In my quest to support local farmers and eat in season, I've found myself with an abundance of asparagus. Before I was vegan I hated asparagus. Actually, it would be more accurate to say that I hated the thought of eating asparagus because I was so picky back then that I wouldn't even try a nibble. Yes, in those days I lived off thai chicken wings from Wings Up and cheese cappeletti from East Side Mario's (and stayed up at night wondering why I was gaining weight, and why my health was going down the pipe, for reals?) and the thought of eating one of these weird cigar-like contraptions was beyond me. What a little snot I was!
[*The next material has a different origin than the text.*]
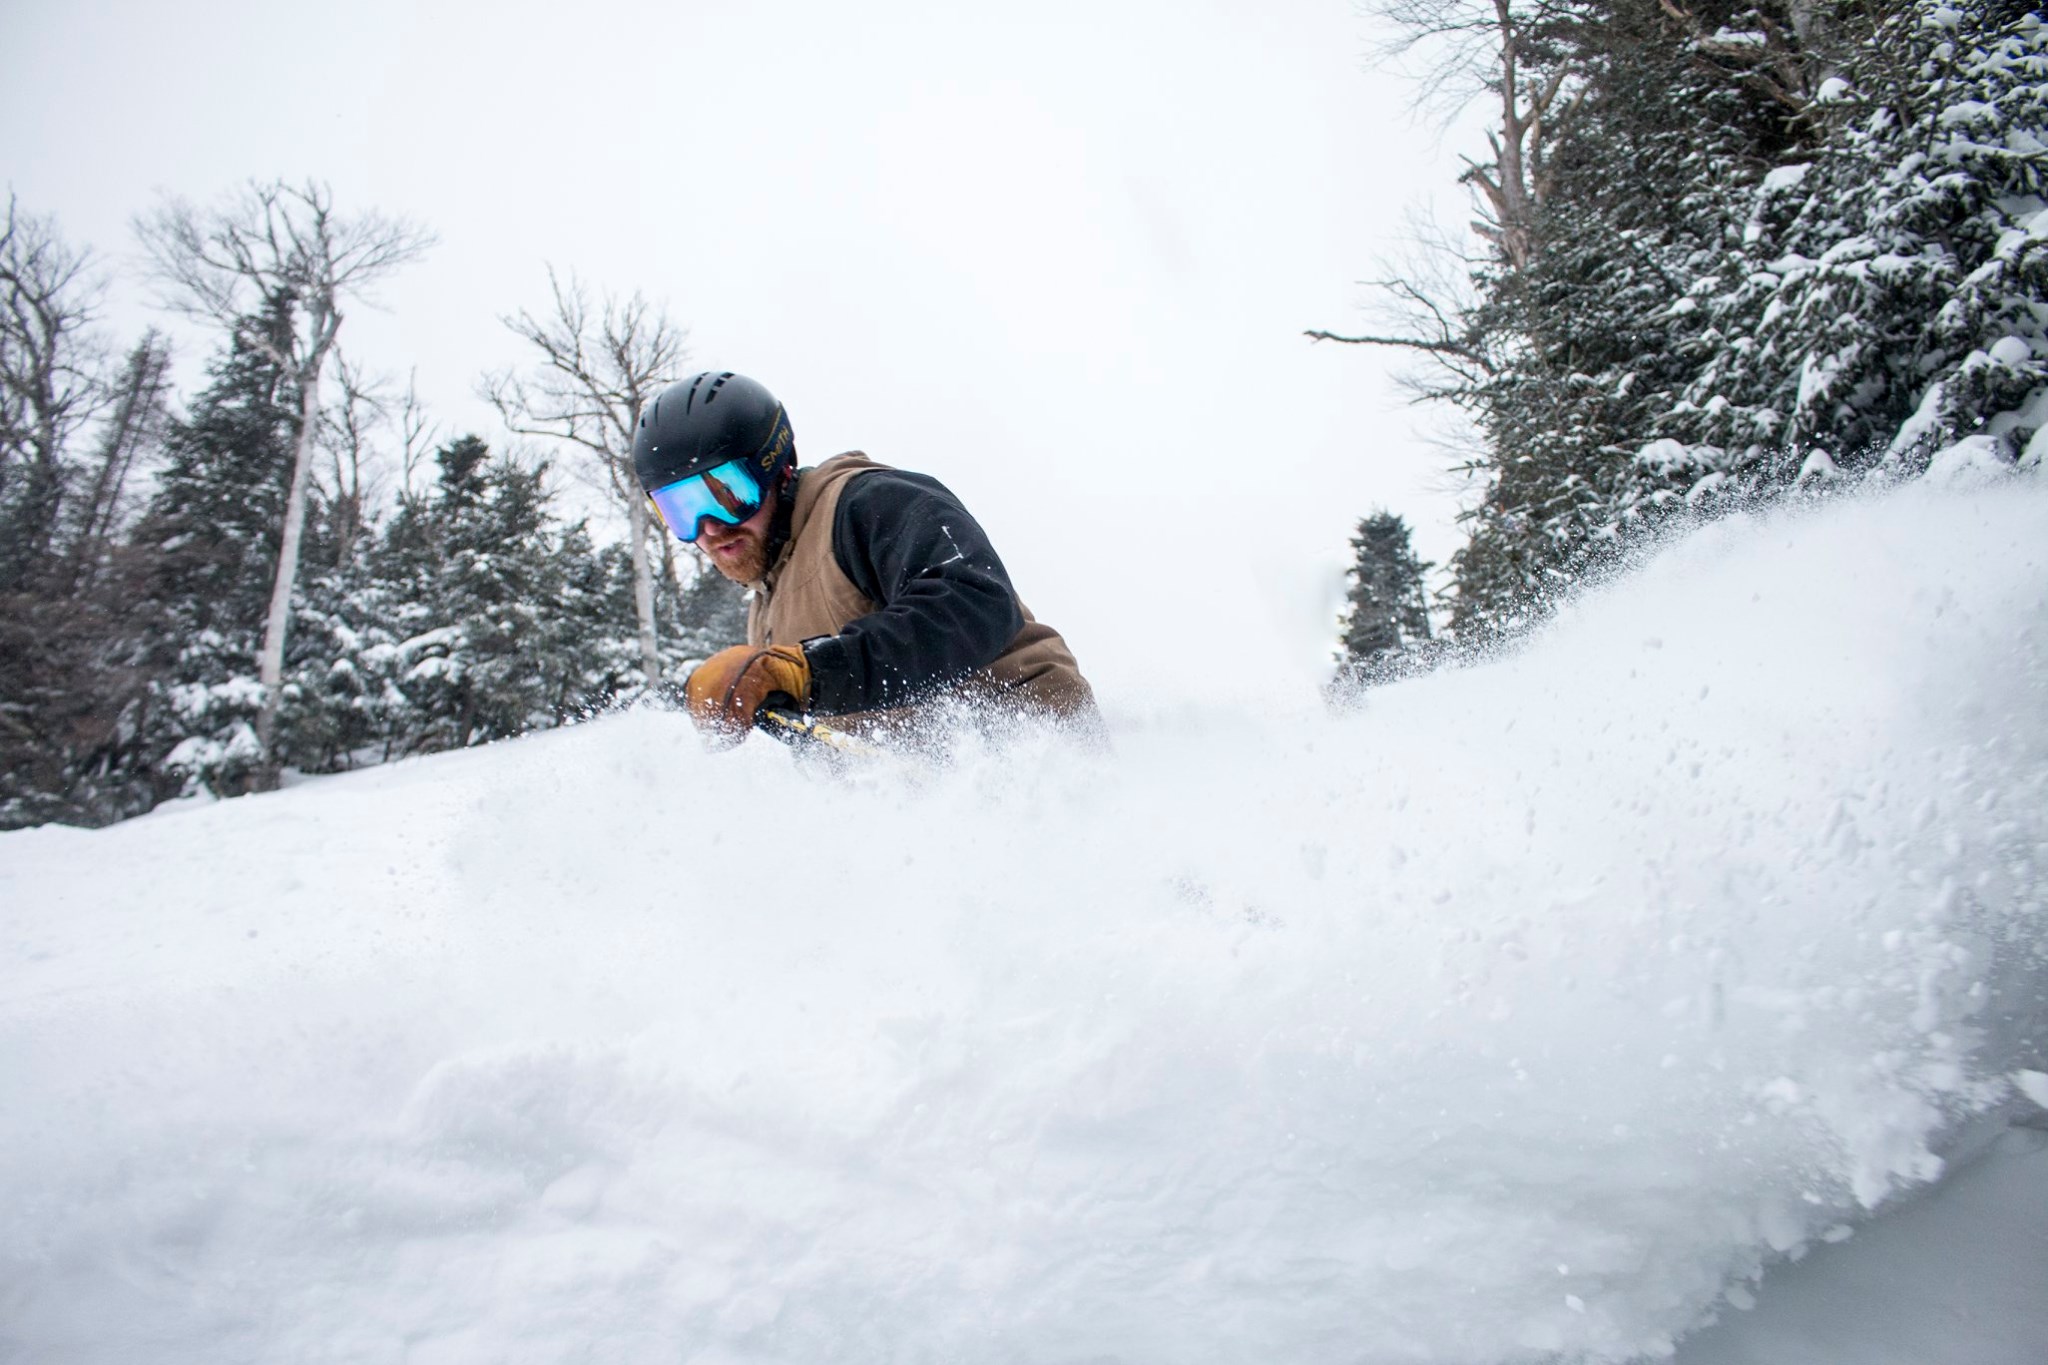 18 inches (45cm) of fresh snow, Whiteface Mountain (Lake Placid)

This year is the first time I tried asparagus. That I can recall, anyway. And low and behold - I liked it. This is why I silently chuckle every time someone says they can't be vegan because they would feel too limited .. I didn't lose anything by going vegan, I gained a whole new world of deliciousness that I wouldn't have even thought to try three years ago.

Anyway, we've been doing asparagus up every which way, since it is one of the first warm-weather crops to be in season here in Ontario. I've put it in lasagnas and pastas. We've grilled it on the bbq...and these here I roasted in the oven. Susan from Fat Free Vegan talked about smothering asparagus in soy and wasabi before throwing it in the oven. I didn't have her actual recipe on hand so I macgyvered my way through it a bit..a little soy sauce here, sesame oil there...and of course...wasabi and freshly ground pepper to finish it off. Twenty minutes in the oven and they made a great side to my green cashew pilaf the other night. Yum!

Eat Your Asparagus!
Asparagus promotes good heart health by virtue of its high levels of folate (66% of the daily recommended amount in one serving of asparagus). The folate also contributes to the prevention of birth defects (including neural tube defects like spina bifida) - folate is one of the most common vitamin deficiencies in the world and is particularly imperative for women of childbearing age and asparagus is an easy (and delicious) way to secure it in your diet. It is also a natural diuretic, due to its high amounts of potassium and low level of sodium combined with an active amino acid and has been used to treat many ailments related to swelling, such as arthritis and PMS (courtesy whfoods.com).